Dre’s long-awaited third album opens, fittingly, with a cinematic prologue that proves the city of Compton is not only the set or setting of this feature, but, as the cliché goes, its protagonist. “Compton was the American dream,” it begins before dovetailing into a refreshingly stone-faced expression of black politics — a move that unionizes the album not only with Dre’s originary work with N.W.A., but also with Compton’s young geniuses, Kendrick Lamar and Vince Staples (who spent plenty of time there). The narrative is unsparing (it reminds me of Dickens’ masterfully dark opening to Bleak House) in the way it mocks white flight (“Whites don’t buy houses in Compton anymore”) and broaches the unsayable: “Juvenile gang activity, muggings, small robberies make some blacks want to leave.”

Compton’s first proper song, “Talk About It,” opens with Dre acolyte King Mez, who promptly trucks the themes of the intro into familiar territory. (“Fuck Glocks,” says Mez, “I’m all about Fort Knox.”) Still, Mez knows this all makes more sense than it would on a record less rooted in a physical location — he’s trading in a Watch the Throne logic of money over guns, but he’s talking to actual people in Compton.
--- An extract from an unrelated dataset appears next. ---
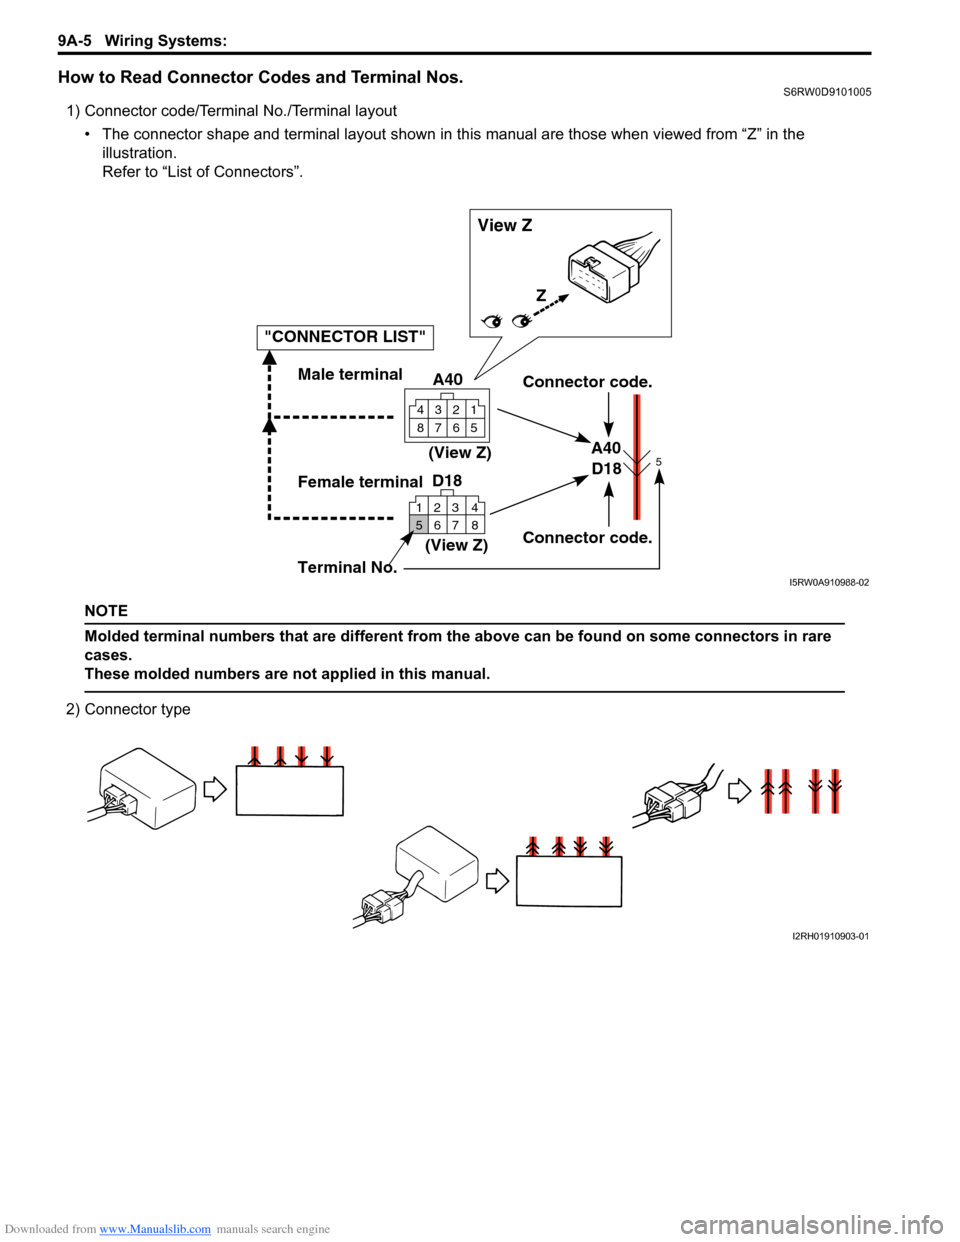 medium resolution of suzuki sx4 2006 1 g service workshop manual page 1172

Anyway, it doesn’t take long before the principal arrives. “I just bought California,” Dre raps in a way that embellishes the track’s insane percussiveness. Compton is layered with moments like this — that join an almost ballistic, carnival-esque atmosphere with drums that will inspire many iterations of the word “propulsive.” Frankly, for those of us who, like A$AP Rocky, thought To Pimp a Butterfly good but a little too jazzy, Compton is an immediate relief.

This is to say that Compton is a good time. It’s also so huge and muscular and weird that its component parts will take weeks of listening to fairly assess. Nevertheless, at least one fact of the album asserts itself: the features, of which there are many, are quality. In his role as auteur, Dre has often chosen to stay in the background. Here it’s a mix: Compton is an ensemble, and he proves himself by doing what other directors don’t always do — he makes those around him better. If Drake and Kanye West have been recently criticized for overshadowing the talents they cultivate, Dr. Dre might be pitched as the the counterexample. On Compton, Lamar, Snoop, even Xzibit (!) — they’re all either better than usual or at least at the top of their game. The only exception is Eminem, whose verse on “Medicine Man” is a grandstanding act of inadvertent self-parody reminiscent of Jay Z’s verse on “Monster.” It’s also worth mentioning that Compton shows once and for all that Eminem has been superannuated by Kendrick Lamar — who, let’s all admit, often sounds like him. This album had room for only one of the two.

And it’s Lamar on “Deep Water” who steals the scene, so to speak. It’s obvious that he’s reigniting a stray beef with Drake, who will not be so keen to respond this go-round. Still, the verse is more of a teaser, and if Compton lasts it will be seen as just one good moment among many — you don’t fast forward to the good parts of a favorite film. In any case, my early estimation is that Compton is Dre’s Watch the Throne, only his throne is a fold-up director’s chair. Final album or not, I doubt he’s leaving it anytime soon.